In the past decade, rigorously verified computing has primarily been applied to a range of ordinary differential equations. We are witnessing the emergence of the field of computational proofs for infinite dimensional nonlinear dynamics generated by partial differential equations, integral equations, delay equations, and infinite dimensional maps.

Some early successful applications of these methods for infinite dimensional problems have been: partially resolving a long-standing conjecture for Wright's delay equation; proving spatio-temporal behaviour in the Kuramoto-Sivashinsky PDE; finding 2D and 3D steady states in the Ohta-Kawasaki model for di-block co-polymers; and proving spontaneous periodic orbits in the Navier-Stokes flow. But this is just a beginning. To set the scene for the future, two open problems on the horizon are:

1. Connecting orbits in the Navier-Stokes equation for fluids. Recently, numerical evidence has been found for trajectories in the Navier-Stokes equations (with suitably chosen boundary conditions) that are homoclinic to periodic orbits. If we can rigorously validate the existence of such orbits, this would imply, through forcing results, the first mathematically rigorous proof of chaotic flow in fluids (as described by the Navier-Stokes equations in 3D).
2. Connecting orbits in ill-posed PDEs. Ill-posed PDEs (with no suitable initial value problem) that come with a variational structure allow for the construction of a Floer homology. Connecting orbits are essential ingredients of this construction. If we can rigorously compute such connecting orbits, they yield specific “local” information, which when combined with generic global analytic arguments, will lead to powerful forcing results. Early steps towards this long-term goal are starting to appear.

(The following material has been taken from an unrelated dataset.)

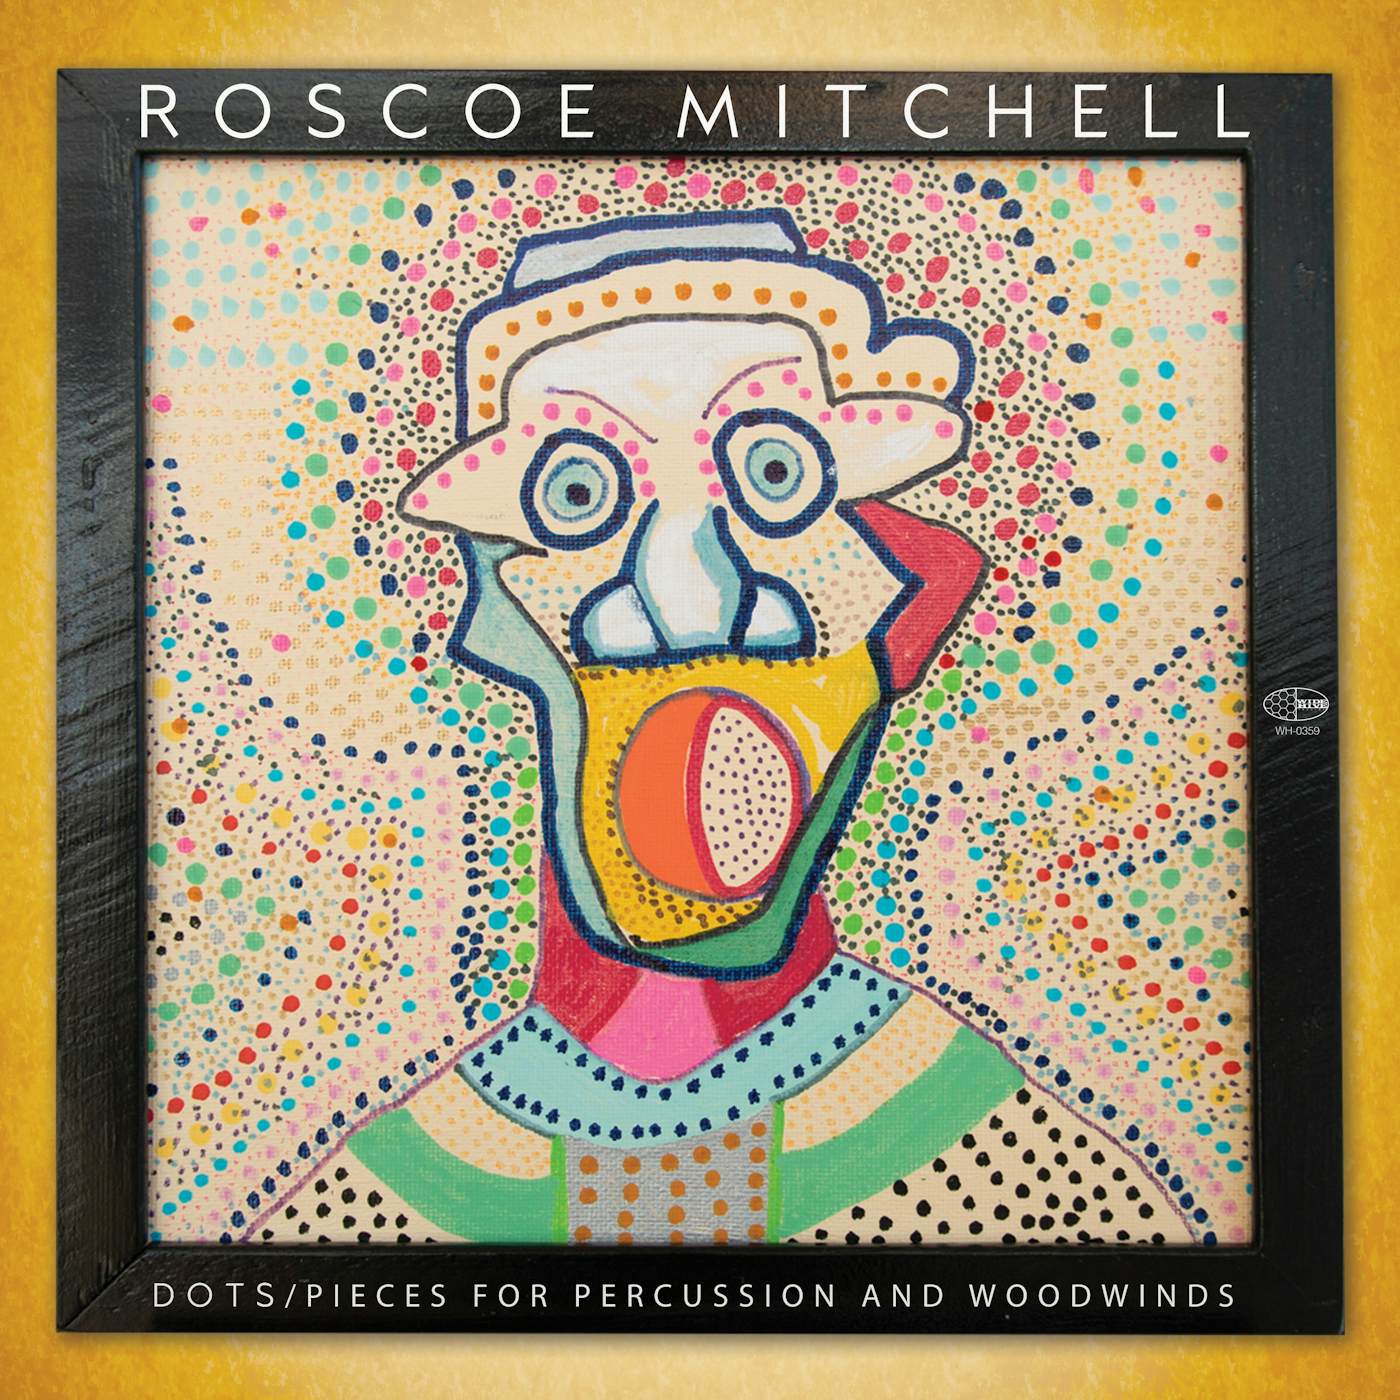 Roscoe Mitchell DOTS / PIECES FOR PERCUSSION AND WOODWINDS Vinyl Record
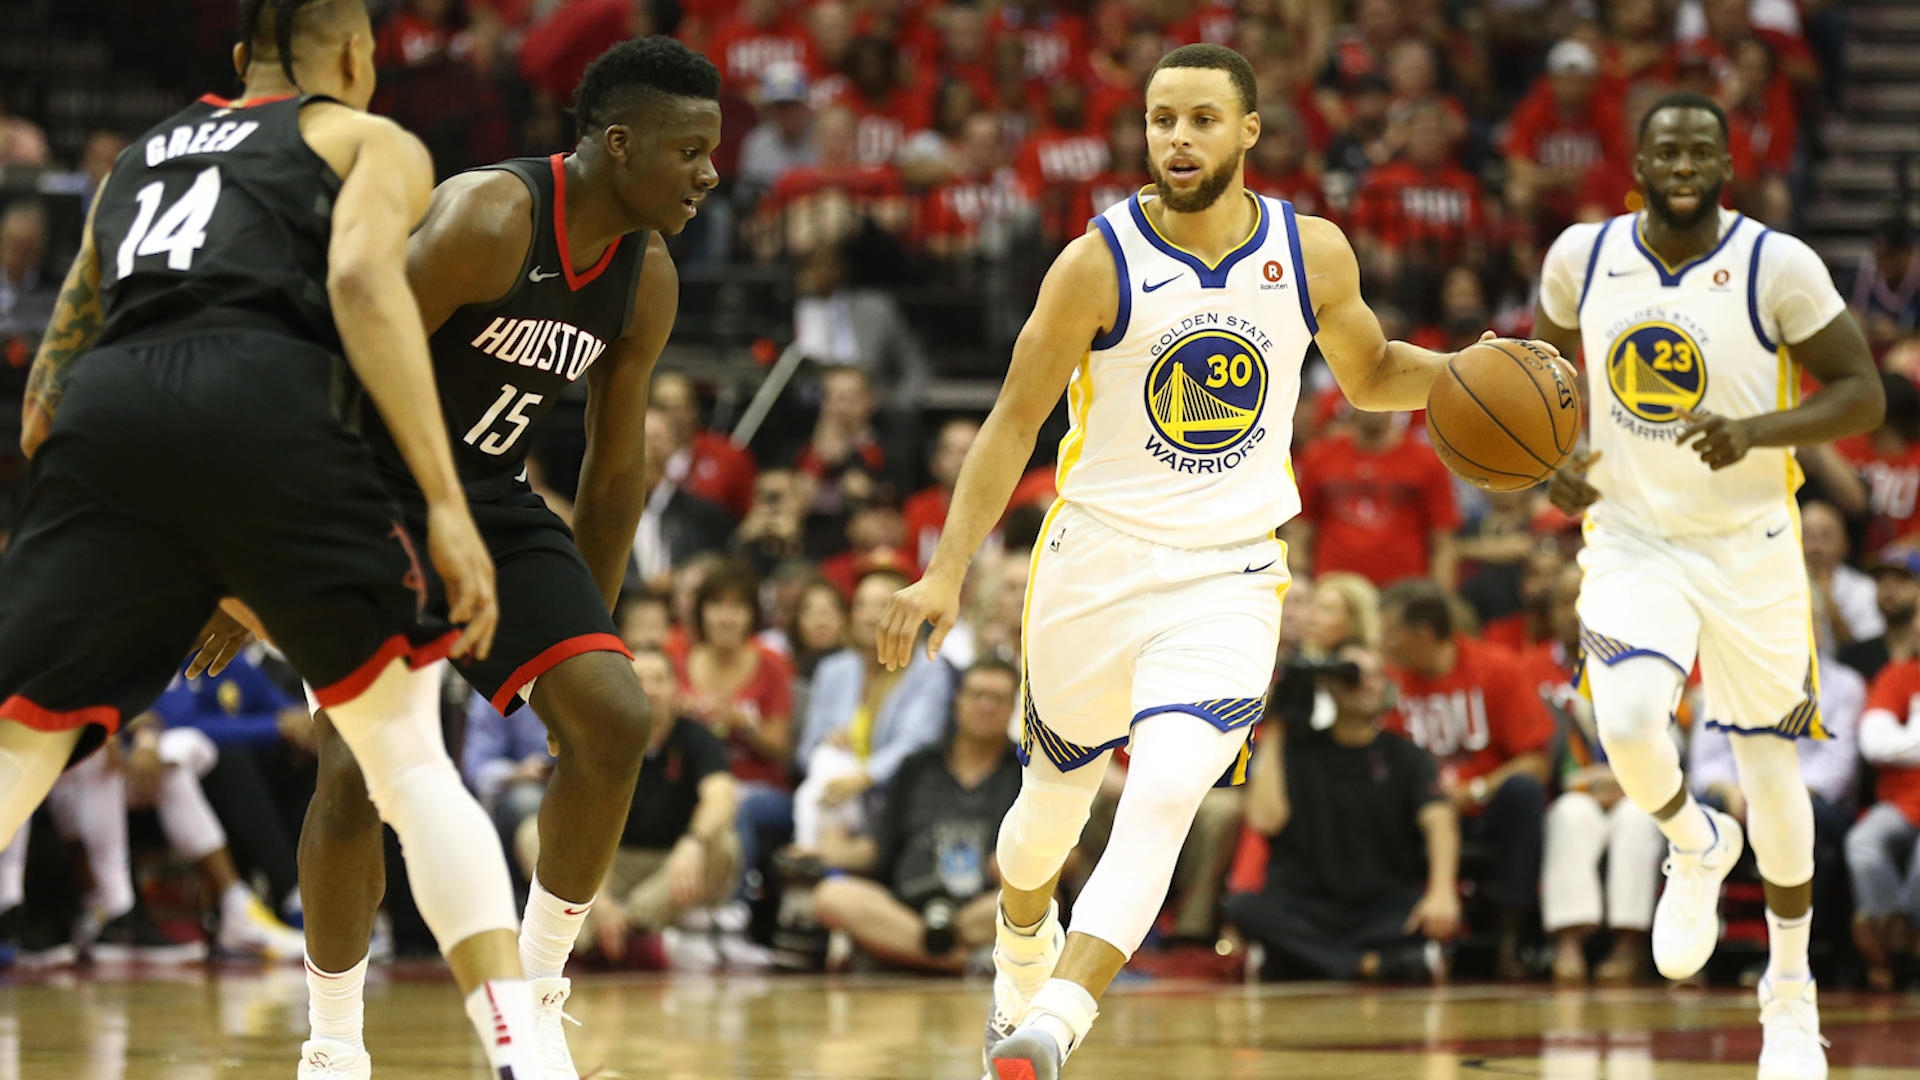 Warriors vs. Rockets: Stephen Curry goes cold as Houston regains form in Game 2 blowout win

Both of these problems highlight that the interplay, through forcing theorems, of global analysis and local rigorous computations, can lead to very powerful results in infinite dimensional dynamical systems. Moreover, since the dynamics are highly nonlinear, a computer-assisted approach seems the only way forward in these types of problems.

The aim of the workshop is to foster collaboration in order to develop a flexible analytic strategy tied with corresponding fast and robust algorithms. The combination of qualitative global analysis with quantitative information from rigorously verified computations will provide novel insights in the dynamics of the infinite dimensional systems that model pattern formation, biological networks, fluid flows, etc.